Studio album by Helix
- Released: March 11, 1983
- Studio: Phase One (Toronto)
- Genre: Hard rock; heavy metal; glam metal;
- Length: 33:02
- Label: Capitol
- Producer: Tom Treumuth, Helix and William Seip

Helix chronology
| White Lace & Black Leather (1981) | No Rest for the Wicked (1983) | Walkin' the Razor's Edge (1984) |

= No Rest for the Wicked (Helix album) =

No Rest for the Wicked is the third studio album by the Canadian hard rock/heavy metal band Helix. It is also their major label debut, on Capitol Records.
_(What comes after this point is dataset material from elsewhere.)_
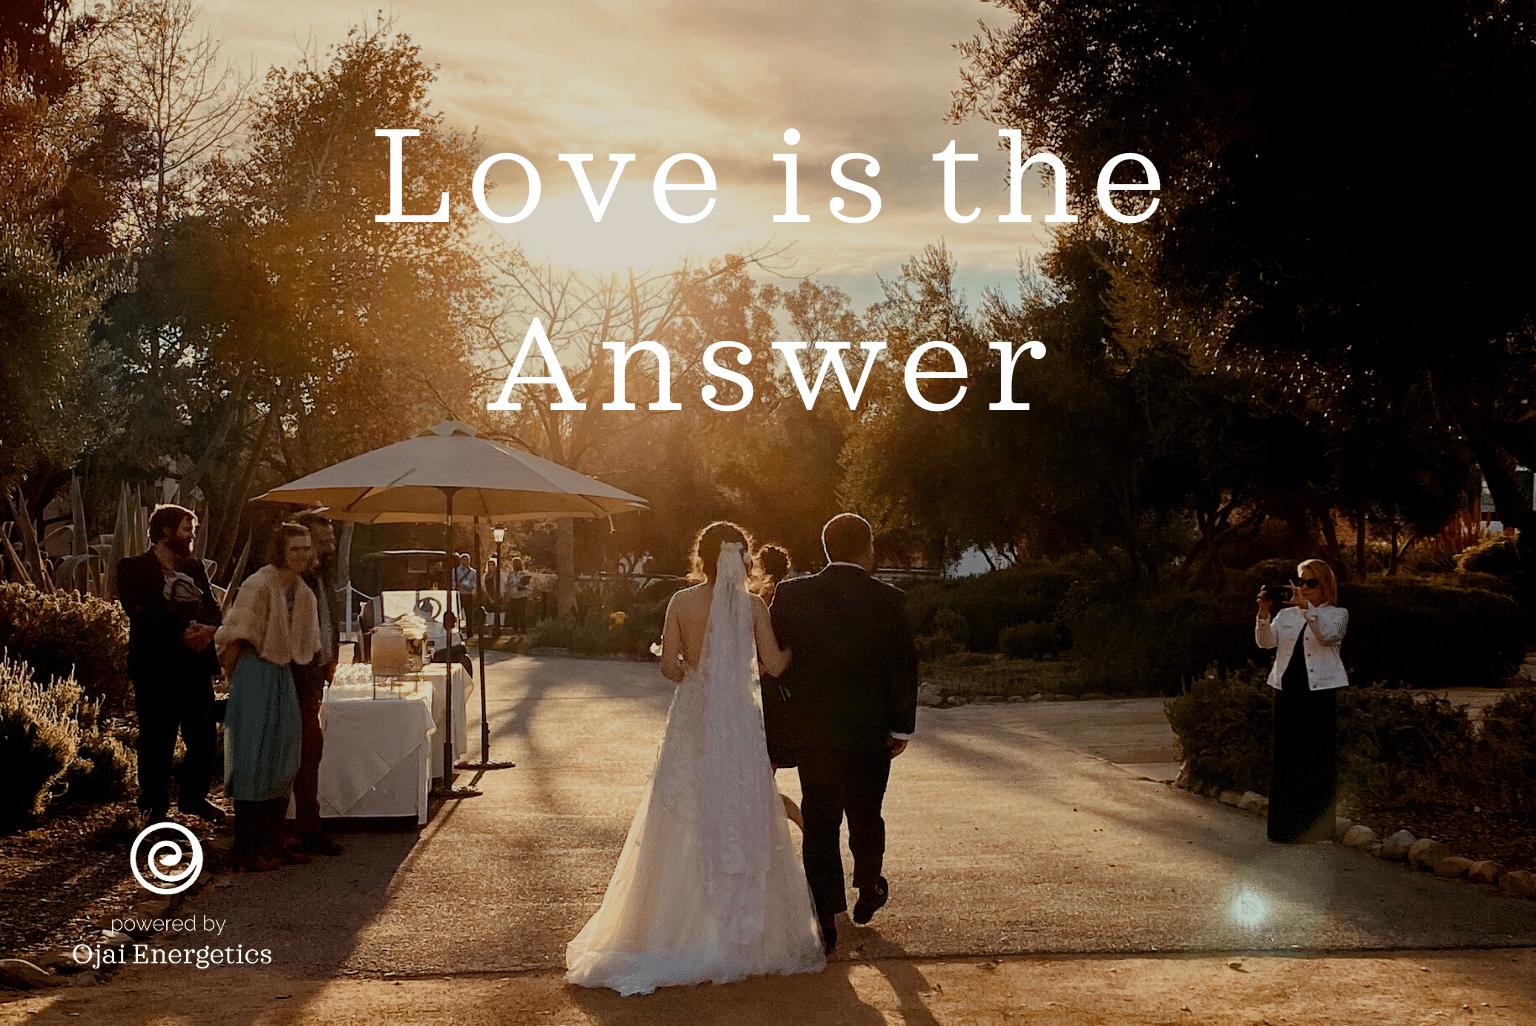 Will Kleidon's Manifesto: Love Is The Answer
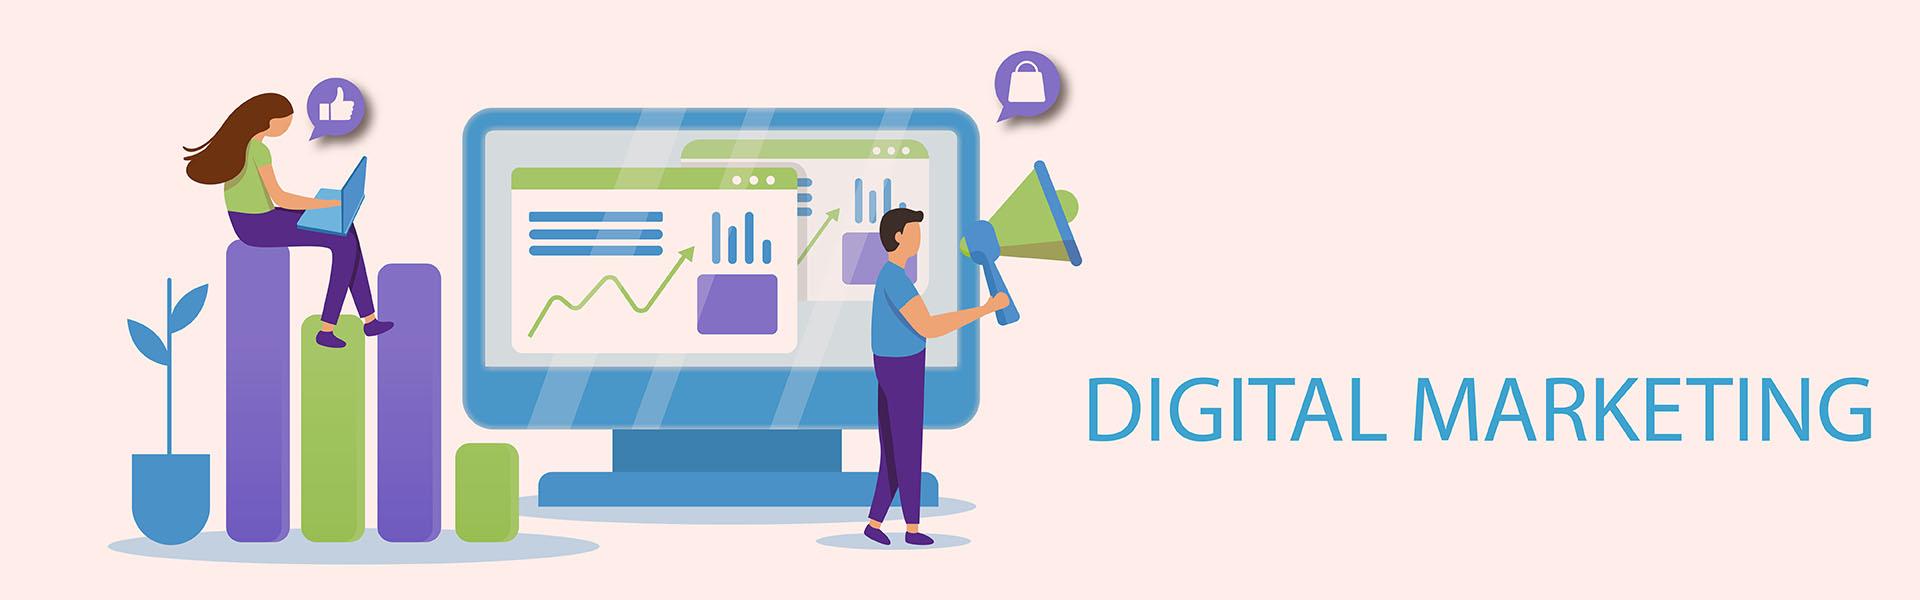 digital_marketing_main_banner

The tracks "Heavy Metal Love" and "Never Want to Lose You" were released as singles with accompanying music videos. American actress Sandahl Bergman was featured in the music video for "Heavy Metal Love".

Professional ratings
Review scores
| Source | Rating |
| AllMusic | Star |

== Track list ==
All songs written by Helix except where noted

1. "Does a Fool Ever Learn" (3:28) (Eddie Schwartz)
2. "Let's All Do It Tonight" (2:50)
3. "Heavy Metal Love" (2:59)
4. "Check Out the Love" (3:08)
5. "No Rest for the Wicked" (3:12)
6. "Don't Get Mad Get Even" (3:21) (Lisa Dalbello, Tim Thorney)
7. "Ain't No High Like Rock 'n Roll" (3:50)
8. "Dirty Dog" (3:32)
9. "Never Want to Lose You" (3:09)
10. "White Lace and Black Leather" (3:40)

==Personnel==
Helix
- Brian Vollmer – lead vocals
- Paul Hackman – guitars, backing vocals
- Brent Doerner – guitars, backing vocals
- Mike Uzelac – bass, backing vocals
- Greg "Fritz" Hinz – drums

Additional musicians
- Tony Moretto
- Bill Wade

Production
- Produced by Tom Treumuth for H&S Productions. Co-Produced by Helix and William Seip.
- Mixed by Tony Bongiovi at Power Station Studios
- Mastered by Bob Ludwig at Masterdisc, New York
- William Seip – manager
- Heather Brown – artwork, cover concept

== Singles ==
- "Heavy Metal Love"
- "Don't Get Mad Get Even"

==Charts==

| Chart (1983) | Peak position |
|---|---|
| US Billboard 200 | 186 |

==Certifications==

| Region | Certification | Certified units/sales |
| Canada (Music Canada) | Gold | 50,000^{^} |
^{^} Shipments figures based on certification alone.